At a glance, you may not be able to differentiate what’s Airbnb and what’s Instagram. Normally, something like this could be argued to be unoriginal and boring. However, let’s look at the positives.

If every app – for the most part – is operating with the same design, they’re not trying to constantly one-up each other with the next big look. As a result, they have more time to focus on what’s important – the content found on the app and the functions of the app.

While many apps offer similar features (like Snapchat, Facebook, and Instagram both having Stories), every social media app has its own flair that keeps users coming back. And, user retention is higher if they feel comfortable using the app – which is another plus of them all having similar designs.

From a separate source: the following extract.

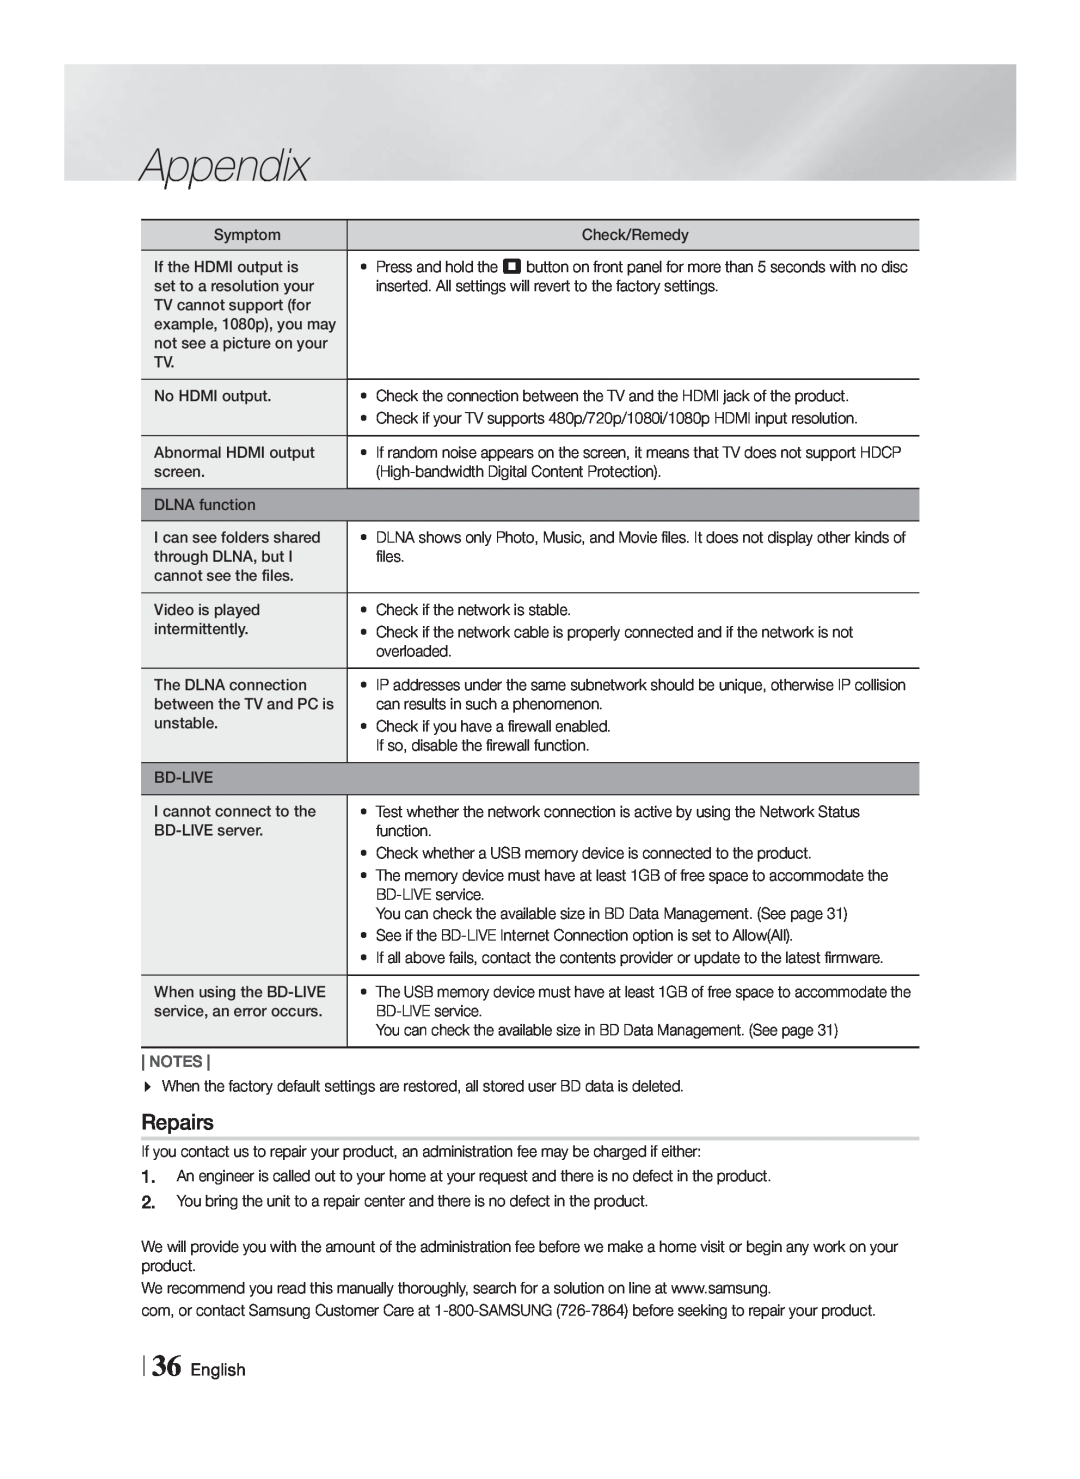 Samsung HTF4500ZA user manual Repairs, Appendix, English

If you have 12 different social media apps with 12 different interfaces and means of operation, it’s unlikely that a user will keep up with all 12. But, if they know exactly how to use them, the user can flip back and forth like it’s nothing.

However, “app fatigue is a real thing,” said Yaz of UX Collective. “Most people have grown tired of bouncing between too many apps or learning how to use a new interface after every new download.”

Below is Yaz’s exploration of the uniformity in apps:

Research has found that a quarter of all apps are deleted after just one use. People tend to stick with the apps that they have found made a positive impact in their lives – either for communication with others or apps that save them time.

Uniformity means developers can spend more of their time on creating the content that will aid in better communication and more time saving options.

Again, what it comes down to is the content and function. That’s where the true creativity comes in. People aren’t using Airbnb because the app or the website are ridiculously exciting; they’re using it because it offers a service that is beneficial.

What are your thoughts on app uniformity? Unoriginal, or a stepping stone for what’s really important?